So if you're a trucker making $50,000 a year, and then a robot truck comes and takes your job, now you are worth zero.
So truckers, you know, obviously are threatened by automation.
If self-driving trucks come onto the roads, millions of people would stand to lose their jobs as a result.
And those people wouldn't just be able to immediately find something else that paid them as well as trucking that was suited to their skills.
Like a lot of them would need some time to figure out how to adjust and what to do next.

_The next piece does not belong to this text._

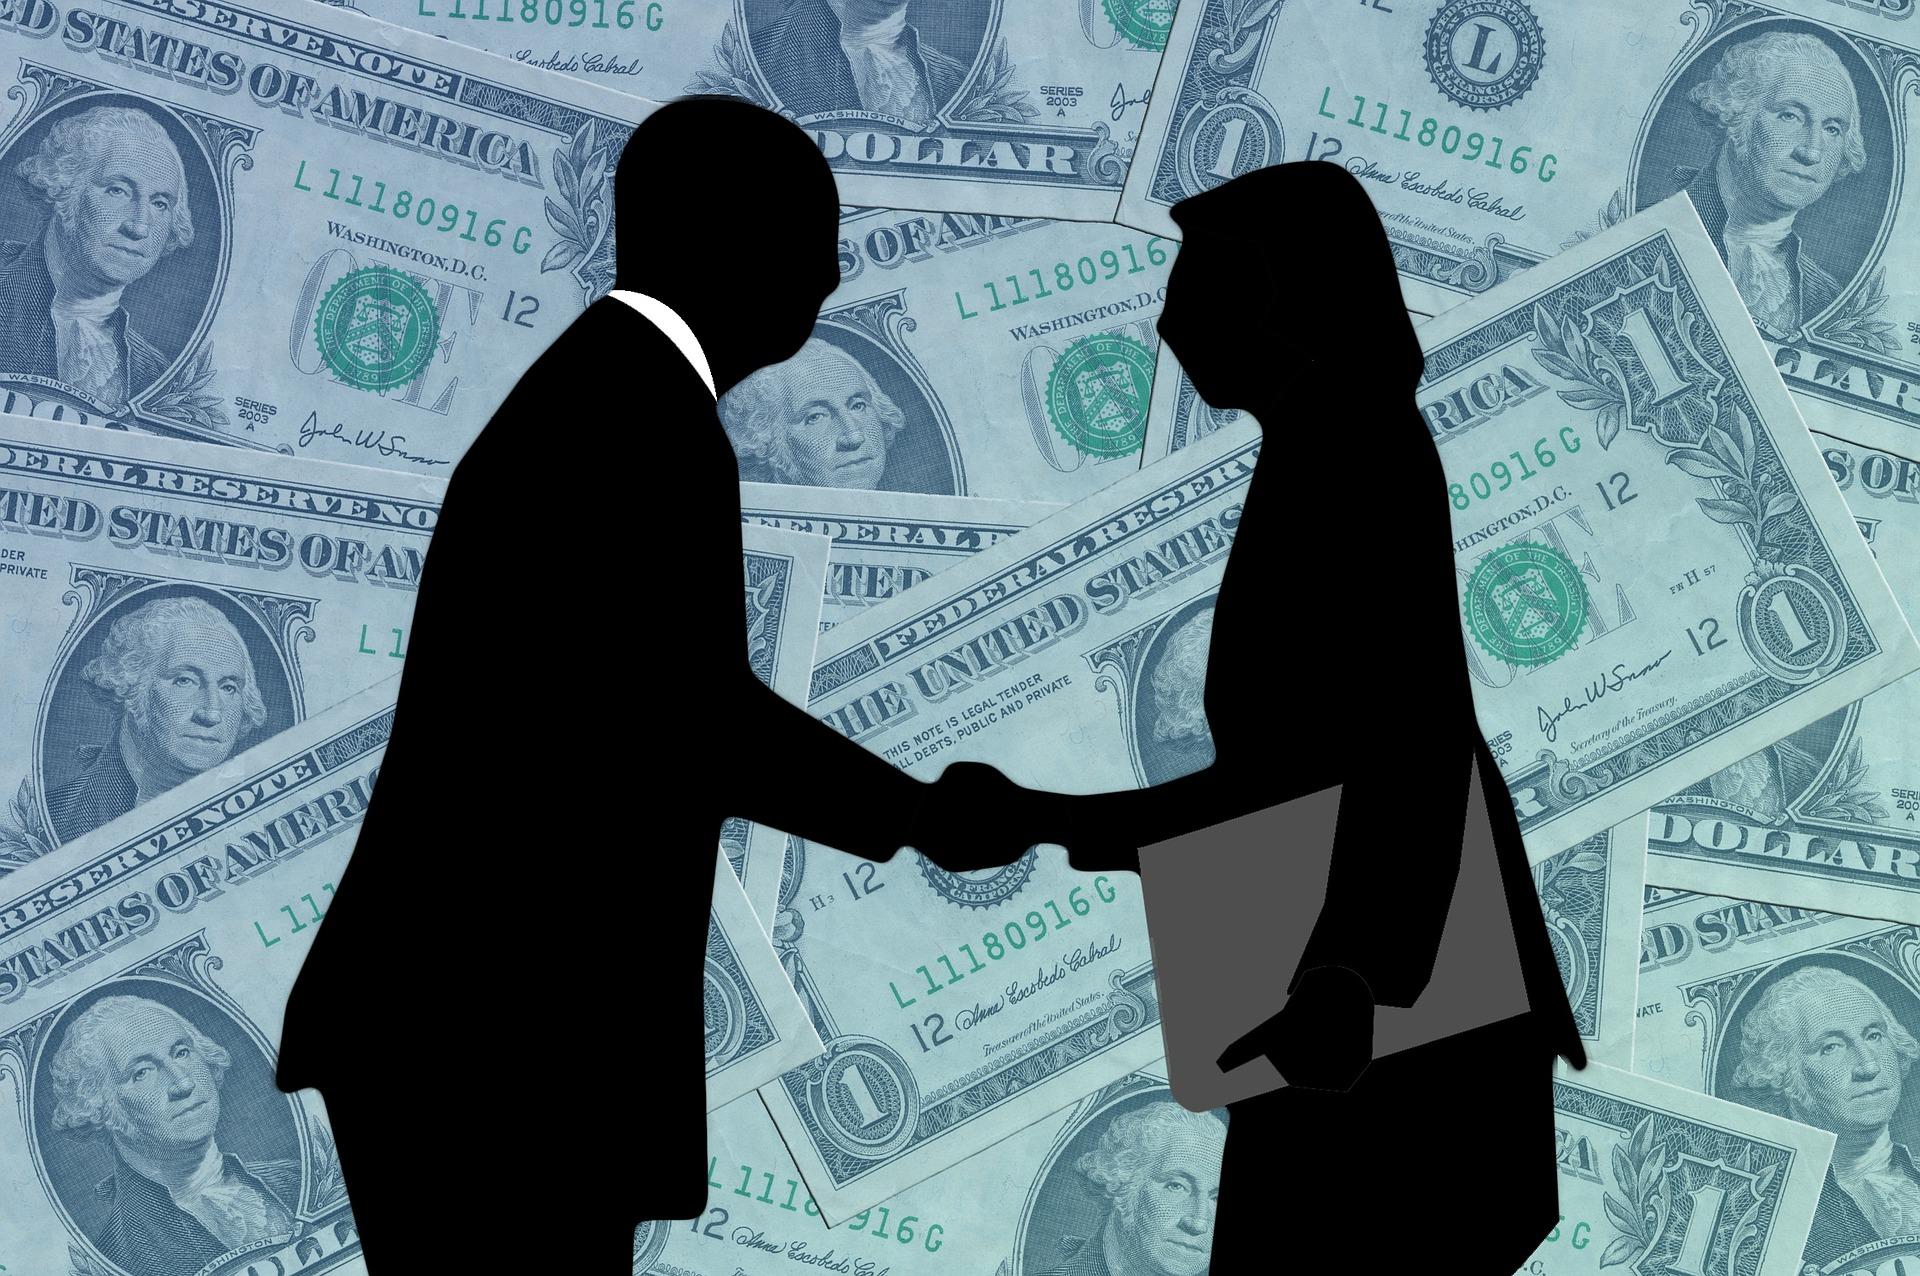 【M&Aインサイト】二段階買収案件の株式取得価格決定申立てに関する最高裁決定
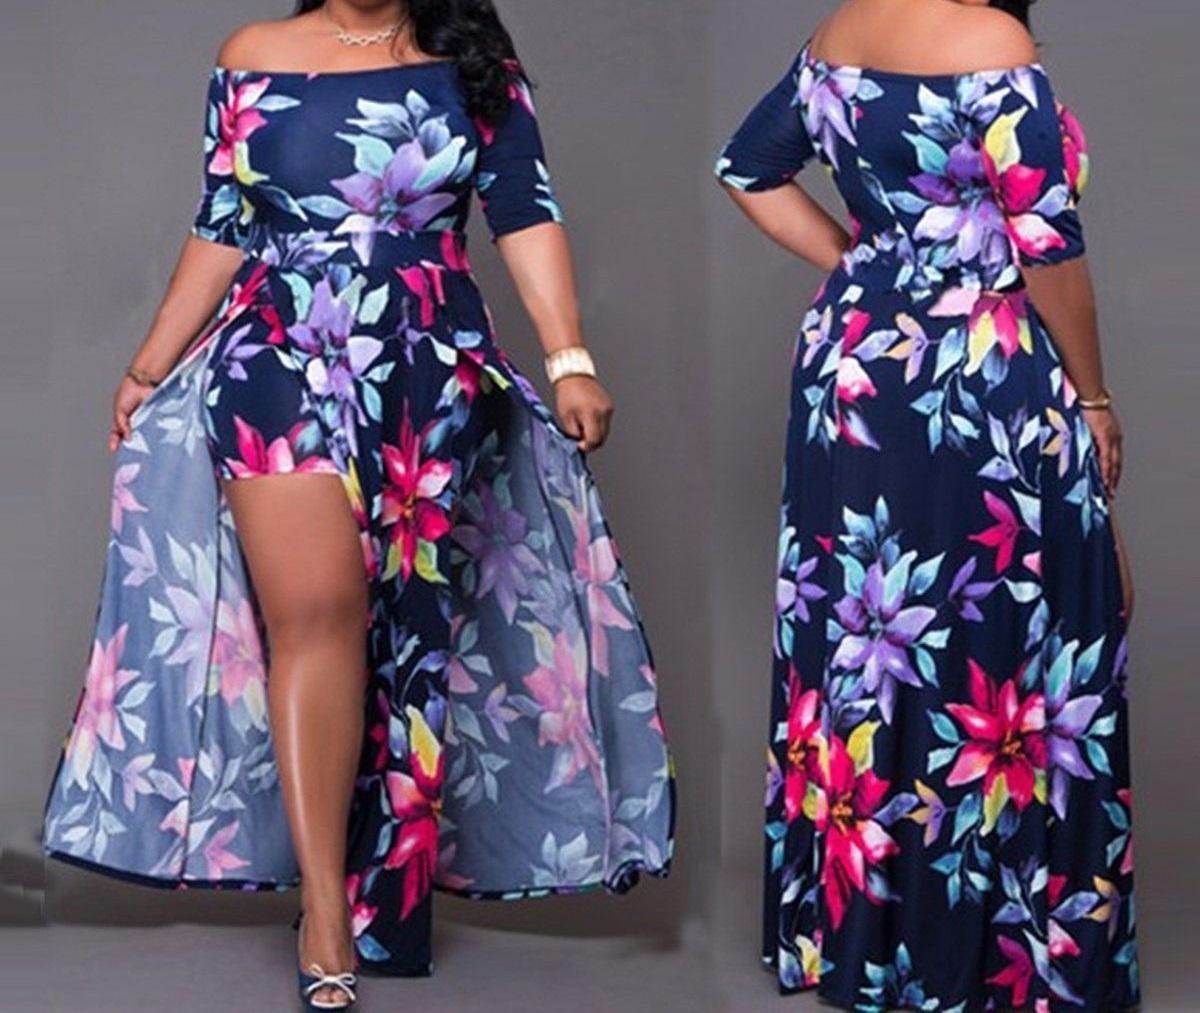 Ladies Womens Regular & PLUS SIZE Casual Evening Wear Short Sleeve Floral 3  Piece Look Top Mini Shorts Maxi Dress

And to make that easier, we would give them and everyone else $1,000 a month. I mean, it's not
$12,000 a year is not enough to live on, but it is enough to kind of serve as a net so that they're not
experiencing the most extreme financial hardship. Where does Yang say that we are in this process
of automation? So he thinks we've basically only seen the tip of the iceberg. He, you know,
cites these studies from think tanks and academics that say one out of three or one out of four jobs in America could be at risk
of automation within the next decade. And he's sort of using that to predict a mass unemployment
crisis. He's not saying, you know, this is going to be tough for a few people or a few people are
going to have to find new jobs. This is really about millions and millions of people being
automated out of work. It's going to zero out not just the truckers or the warehouse shelvers or the retail workers.
I was an unhappy corporate attorney for five months, which is long enough to know that AI
can do that job. It can edit contracts more quickly and accurately and inexpensively than
the smartest human lawyer. And why this? Why $1,000 a month to people
and not what we hear most candidates and a lot of policymakers talking about when it comes to
automation, which is retrain workers whose skills have been supplanted by technology?
Well, Yang talks about this a lot. He believes that basically that reskilling programs don't
work.
When I dug into the studies around the retraining programs for displaced manufacturing workers in Ohio and Michigan, you found abysmal success rates of those programs that were federally funded.
The success rates hovered between zero and 15% generally. Half of those workers left the workforce
and never worked again. And of that group,
half then filed for disability. And you then saw surges in suicides and drug overdoses
in those communities to the point where now our life expectancy has declined
for the last three years in a row. So if you say as a politician, we're going to retrain everyone,
and then you come with me to the truck stop and you actually have a clipboard and say,
who here wants to be retrained? You will see how dumb an idea that is in real life in many, many contexts.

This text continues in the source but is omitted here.